The SHA1 checksum of the old file is identical to the "Data SHA1" checksum of the newer one.
Extracting both CHDs with
Code: Select all
chdman extractraw -i area51.chd -o area51.raw
For testing purposes I tried to do the conversion from CHD v3 to v5 myself, again using chdman 0.199:
Code: Select all
chdman copy -i area51.chd -o ./test/area51.chd
Now the interesting part that I don't quite understand - here's chdmans info output for the newly converted v5 file:
Code: Select all
chdman - MAME Compressed Hunks of Data (CHD) manager 0.199 (mame0199)
Input file: area51.chd
File Version: 5
Logical size: 1,281,982,464 bytes
Hunk Size: 4,096 bytes
Total Hunks: 312,984
Unit Size: 512 bytes
Total Units: 2,503,872
Compression: lzma (LZMA), zlib (Deflate), huff (Huffman), flac (FLAC)

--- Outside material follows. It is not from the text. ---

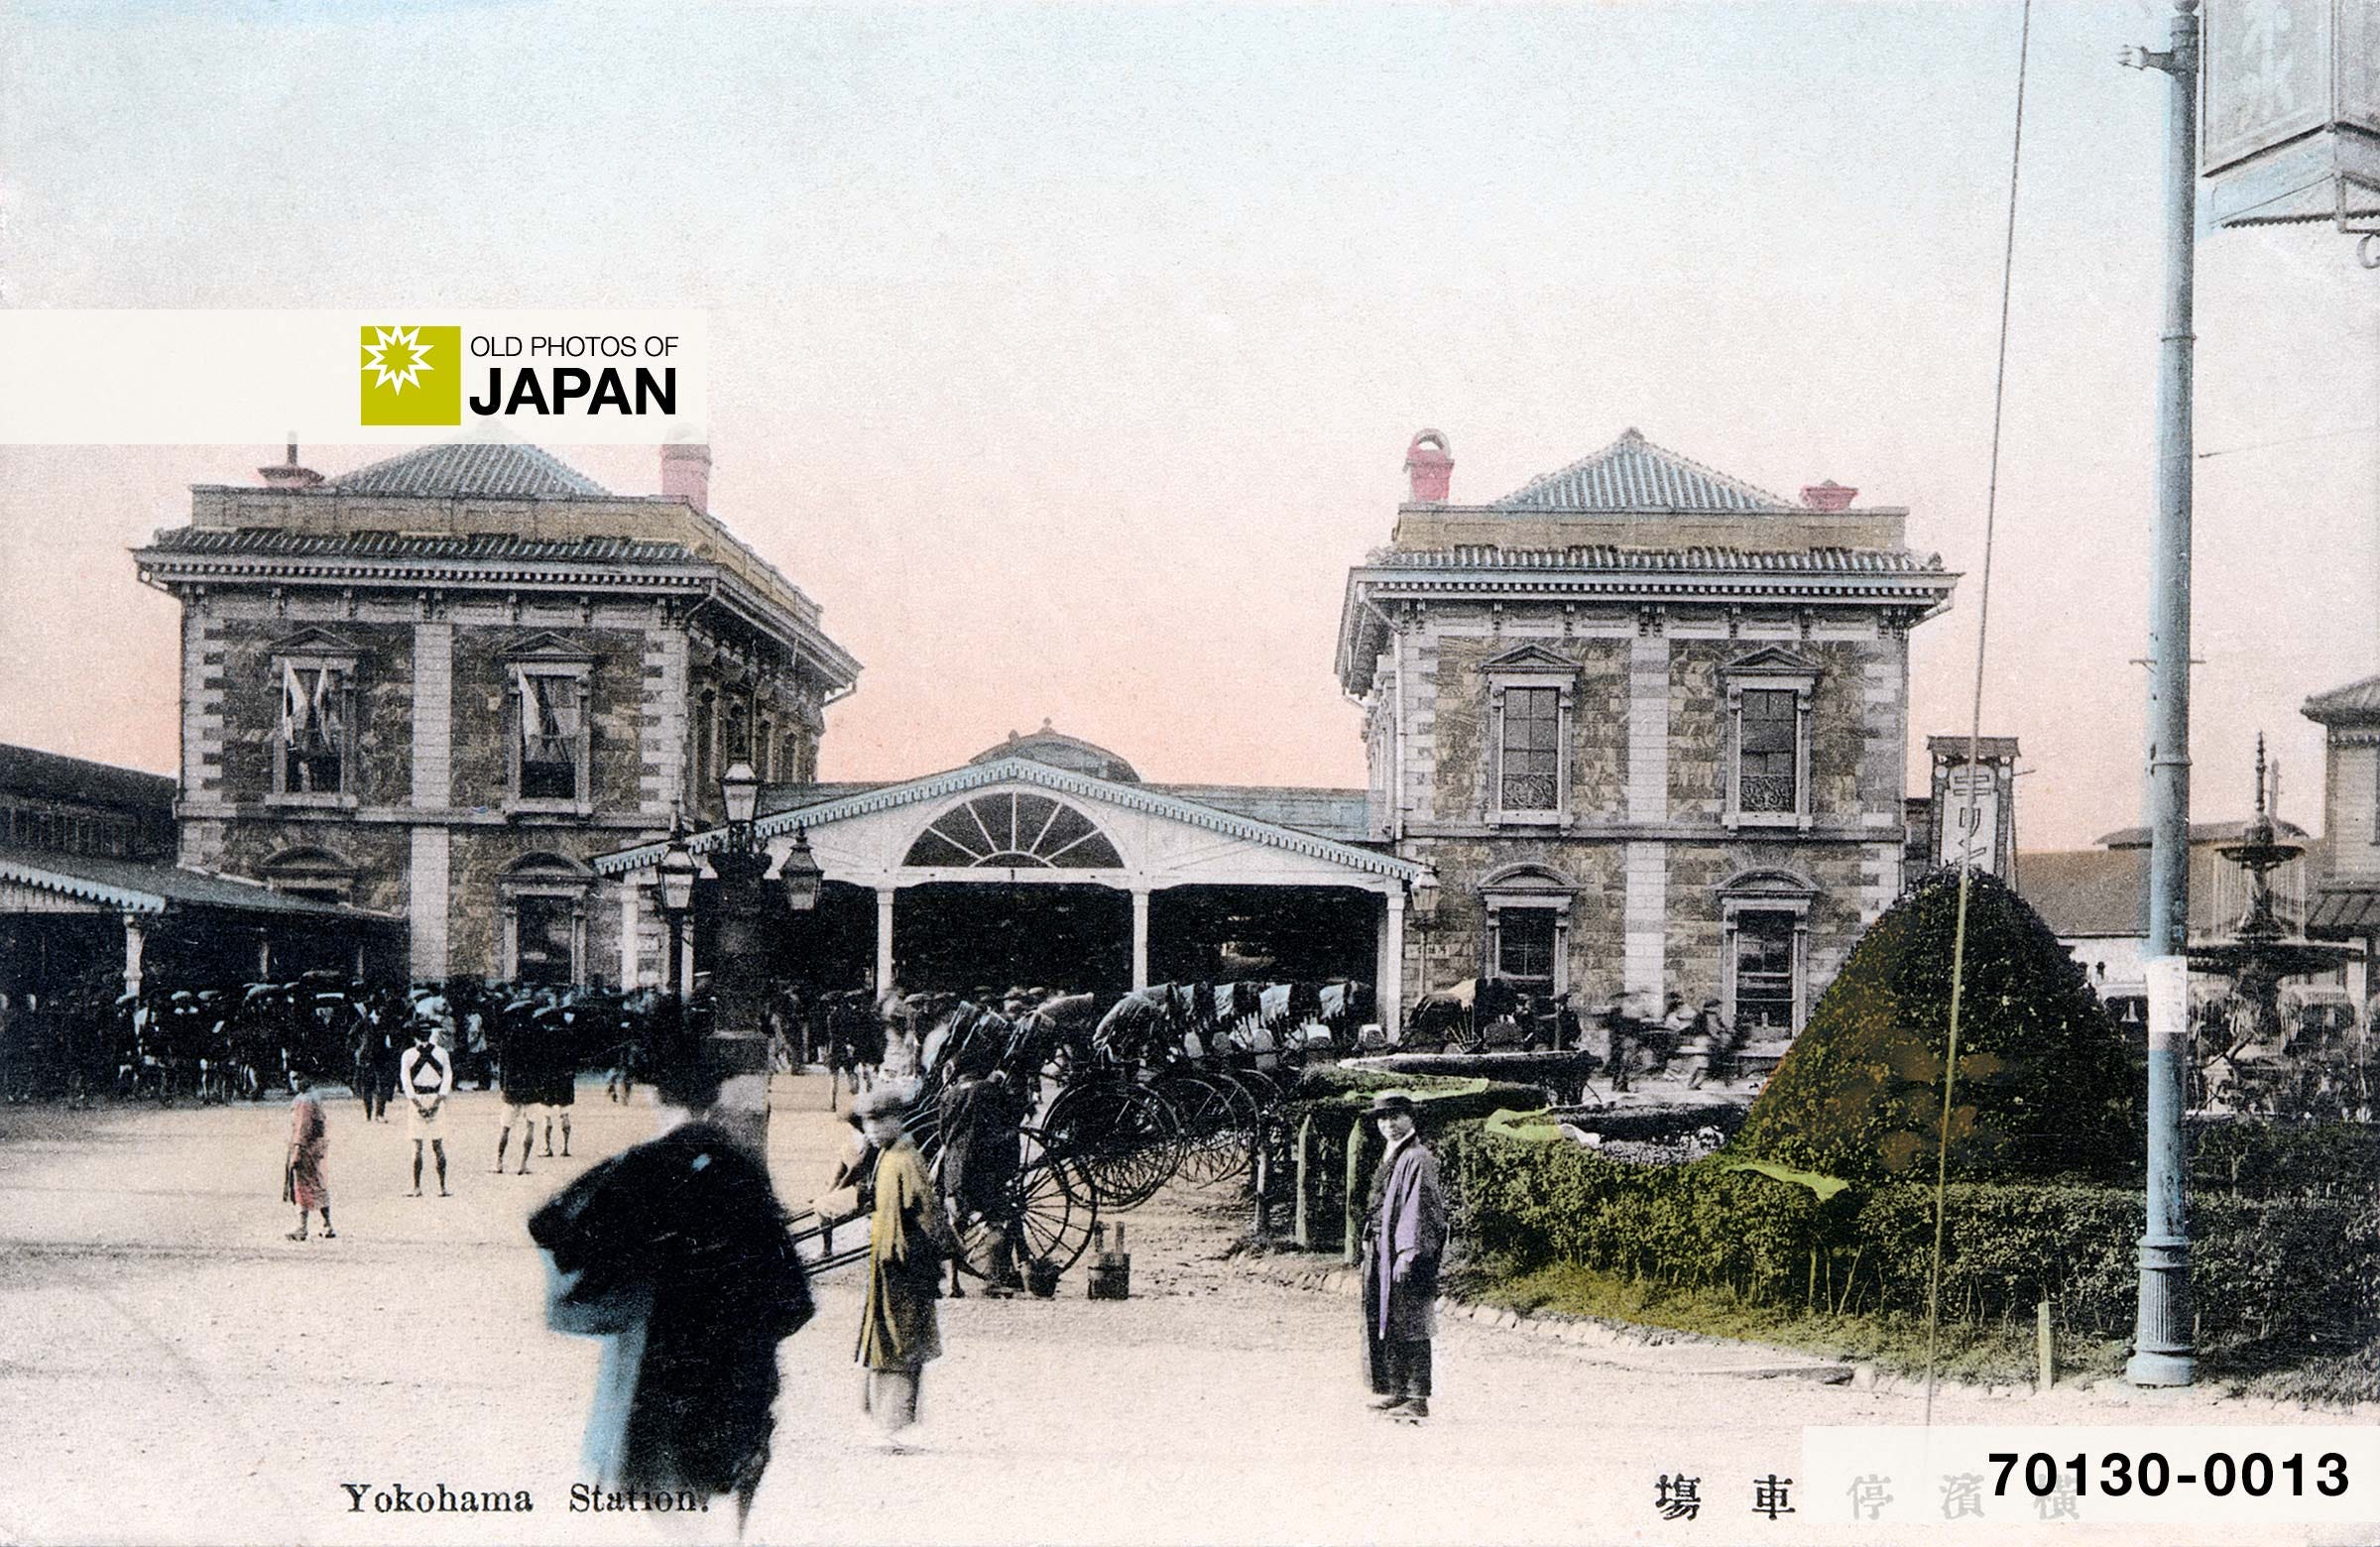 70130-0013 - Yokohama Station, 1900s

CHD size: 497,632,790 bytes
Ratio: 38.8%
SHA1: 4b2fc53072606d1f400a35d58b8018bdb184a459
Data SHA1: 9ea749404c9a5d44f407cdb8803293ec0d61410d
Metadata: Tag='GDDD' Index=0 Length=35 bytes
CYLS:2484,HEADS:16,SECS:63,BPS:512.
Code: Select all
SHA1: 3b303bc37e206a6d7339352c869f050d04186f11
Data SHA1: 9ea749404c9a5d44f407cdb8803293ec0d61410d
"Data SHA1" matches, "SHA1" is different. Why?
I found some information in the comments on https://github.com/mamedev/mame/blob/ma ... util/chd.h and compared the two files with a hex editor.
There's a difference between Bytes 85 and 105:
Code: Select all
"Official" 0.161: 3B 30 3B C3 7E 20 6A 6D 73 39 35 2C 86 9F 05 0D 04 18 6F 11
updated from 0.78 by me: 4B 2F C5 30 72 60 6D 1F 40 0A 35 D5 8B 80 18 BD B1 84 A4 59
Code: Select all
"Official" 0.161: 01
updated from 0.78 by me: 00
I don't quite understand what "comined raw+meta SHA1" means - is it the checksum of the raw, uncompressed data in combination with the header and some kind of other meta information? If so, it would explain why the checksums don't match - because of that one different bit in Byte 129.
But what is that byte? If I understand the comments correctly and didn't miscount the bytes, it's "UINT48 datastart", "offset of first block". Why would that be different and does it have any effect at all? I'm unfortunately not familiar enough with C/C++ to figure this out by myself.
I also figured out that if I take a different approach by going v3 => v4 => v5 (original 0.78 v3 CHD => chdman 0.145 ("update") (creates v4) => chdman 0.199 ("copy") (creates v5)) instead of directly going v3 => v5, I end up with an identical CHD file to the "original" 0.161.
Which one of those is the correct and/or recommended way?
And a bonus question:
As there is information about "combined raw+meta SHA1 of parent" in the header: Are there actually split CHDs in existence or is that just an implemented feature which was/is never actually used?